Megan Figueroa:          It’s true.

Santiago Kalinowski:    Well, what they usually say, “It’s unnecessary because the masculine is already inclusive.” They’re against any type of innovation in this matter, beginning with the double ending. Because the double ending is grammatical. I mean, that’s no invention. We use it like you say, “Ladies and Gentlemen.” That’s always been possible. But to do it systematically in a whole text gets a little long. So, they have tried to use an argument of efficiency or what they call, “the principle of economy.”

Megan Figueroa:          Right. Yeah. I’m seeing this quote from Darío Villanueva, the director of the Spanish Academy, and he says, “economic essence” – “It destroys the economic essence.”

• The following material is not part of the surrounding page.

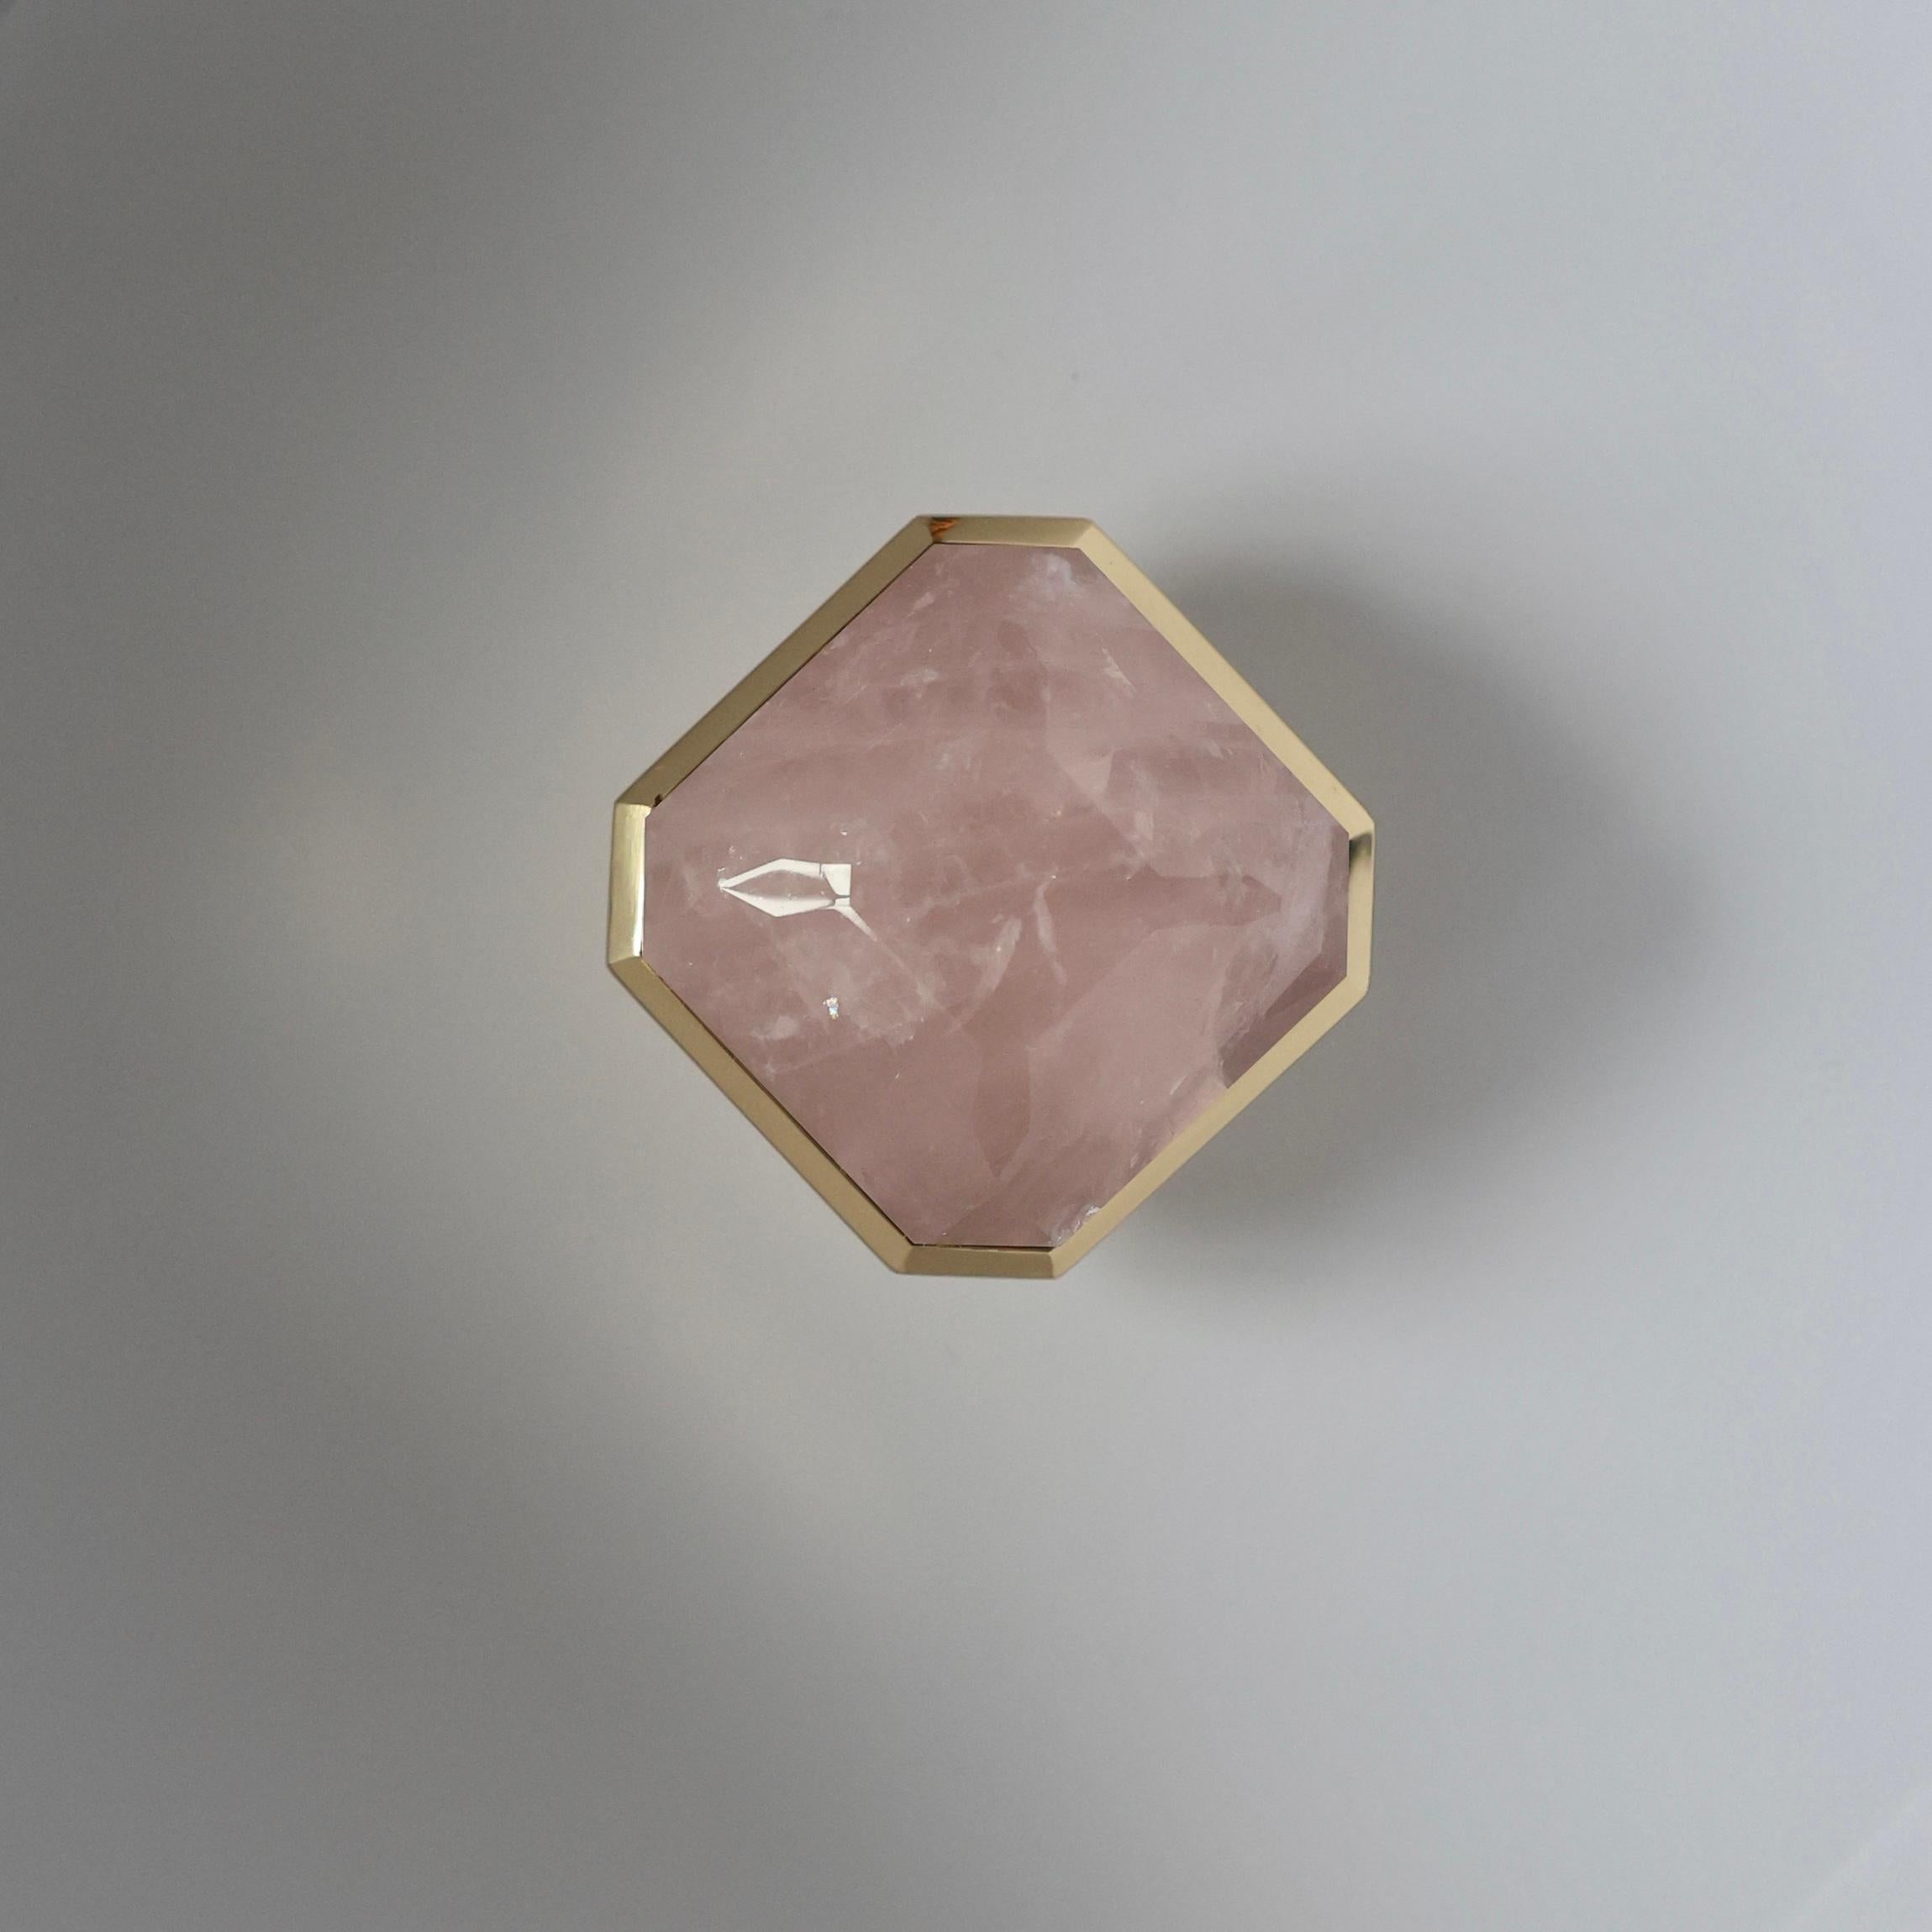 Knöpfe aus rosafarbenem Bergkristall mit Diamantschliff und poliertem Messingdekor, entworfen von Phoenix 

Metallausführung und individuelle Größe auf Anfrage.

Carrie Gillon:               Wow.

Santiago Kalinowski:    That’s already mixing things because, you know, we’re not economic when we talk many times. I would say the majority of times we just say something uneconomical because it has the desired effect. That’s not a principle that guides communication. It’s a principle that allows us to identify patterns of linguistic change. That is what it is. Since this is something that is out there – so we can bring into the attention of the listener that fact that the society’s unfair.

                                    That’s not a linguistic thing. That’s something that has to do with the political discourse – with the effect that we’re trying to achieve – the people in general – so that with this popularization of the idea – the growth of conscious around the idea of an equality that can in the end and in time produce an effect in the reality of our society. Economy has nothing to do with it really, I don’t think. But they’re trying to use that argument to prevent people from using it. They don’t want people to use it. They want us – I just had an email asking us to forbid its use in university, for example, which is funny because – you know.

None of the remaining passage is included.